I fought back tears of relief. He looked up at me, and our eyes met for the first time since that horrible moment when he first walked through my door. “What are you doing here in the city, Emma?”
“I’ve left Karl.”
“Why? . . . Because of me?” When I didn’t answer, he grew angry. “The Bible says, ‘What God therefore has joined together, let no man put asunder’! I need to know if I’ve destroyed a marriage!”
“No. Our marriage was destroyed long before you came back to Bremenville.”
“Then why—?” He stopped when we heard footsteps approaching. I turned and saw O’Brien hurrying toward us.
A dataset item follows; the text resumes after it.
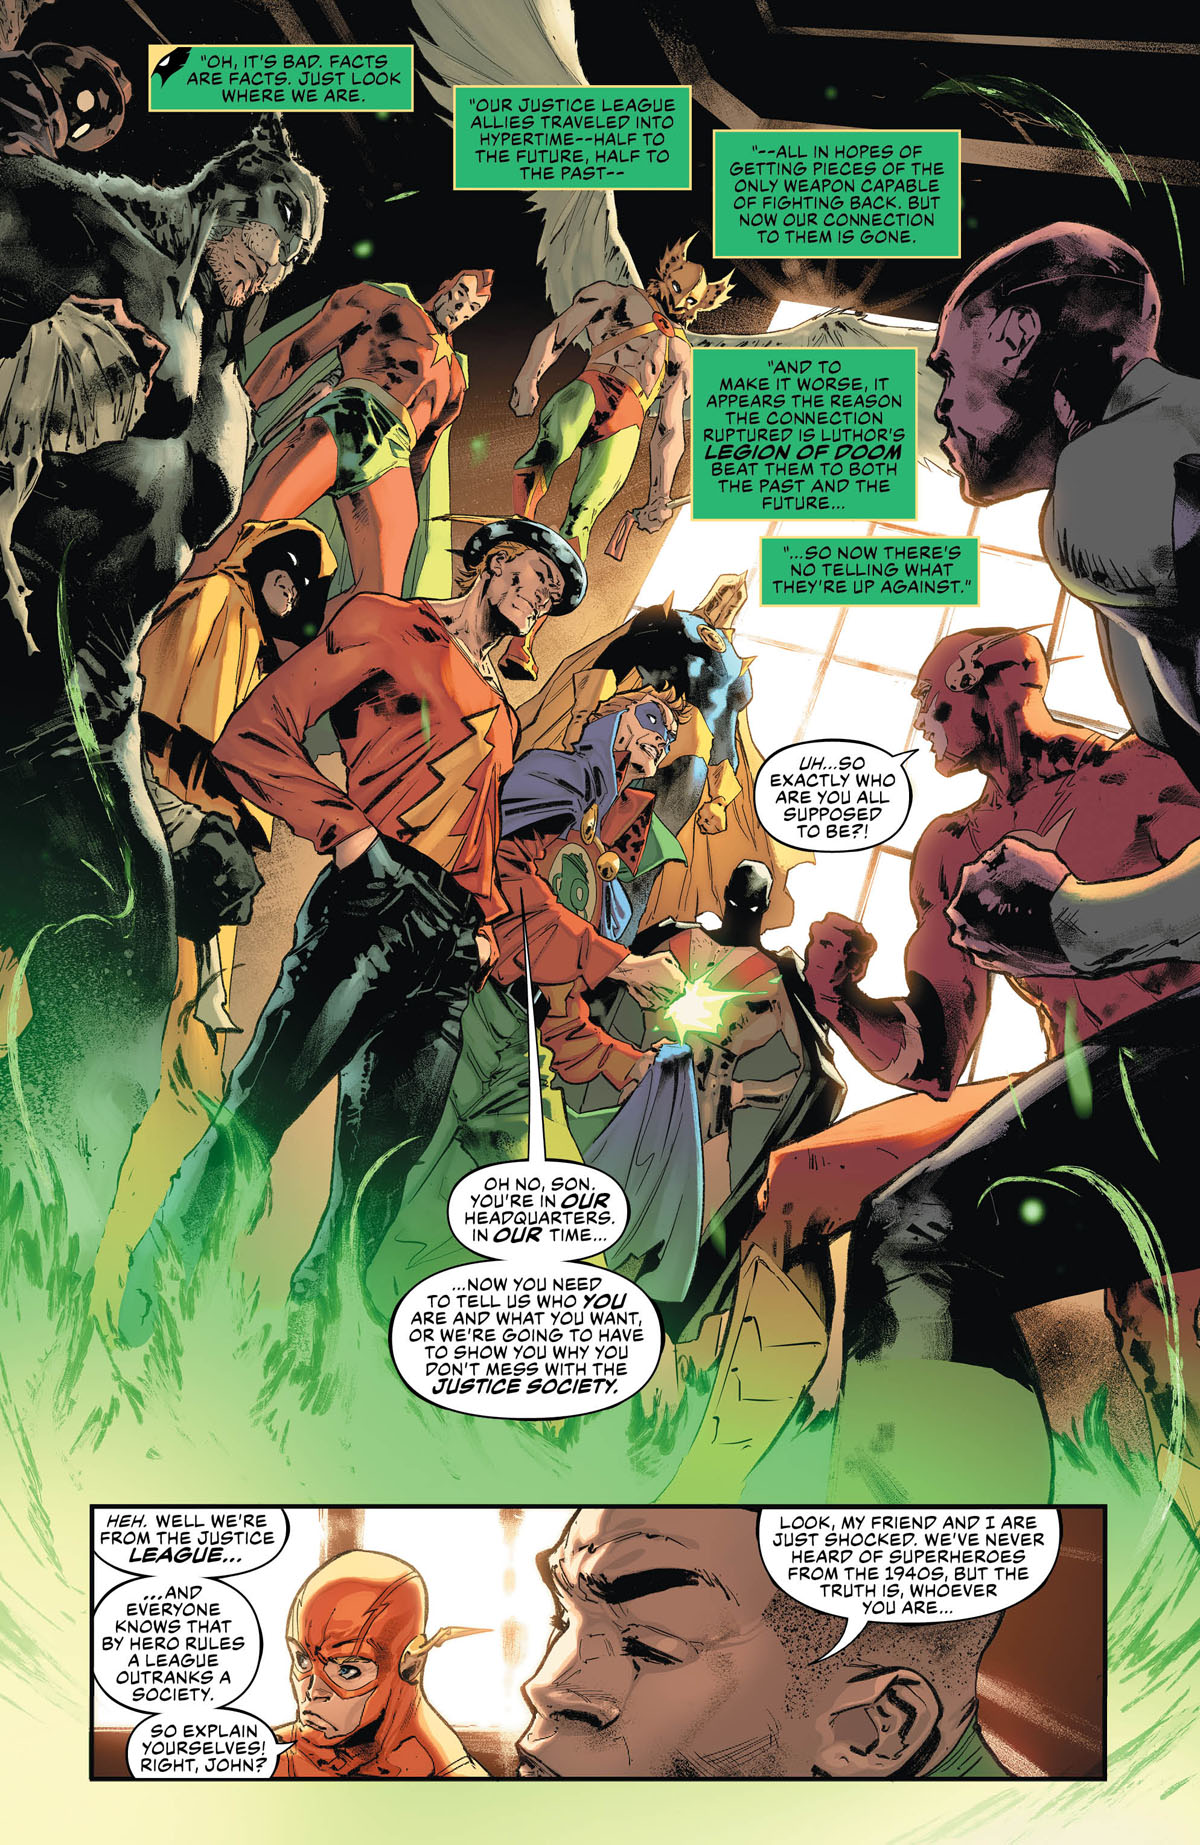 Justice League #31 page 2

Black Jack stood framed in my apartment doorway.
“Hey, Emma, you don’t need to be taking any heat from a priest,” O’Brien said. “Come on back inside.”
Patrick sprang to his feet. “She’s not stepping foot in there until that still is gone. Do you have any idea what would have happened to her if the cops had found her living there, guarding your still? She would have gone to prison! For your crime!”
“We were looking out for her. The still was safe.”
“Yeah? Then why wasn’t it in your apartment?”
“That’s none of your business!” O’Brien’s hands curled into fists and he stuck out his chin, challenging Patrick.
Before either of us could blink, Patrick swung his fist into O’Brien’s jaw, then followed it with double left-right punches to his gut. O’Brien crumbled to the ground, holding his stomach.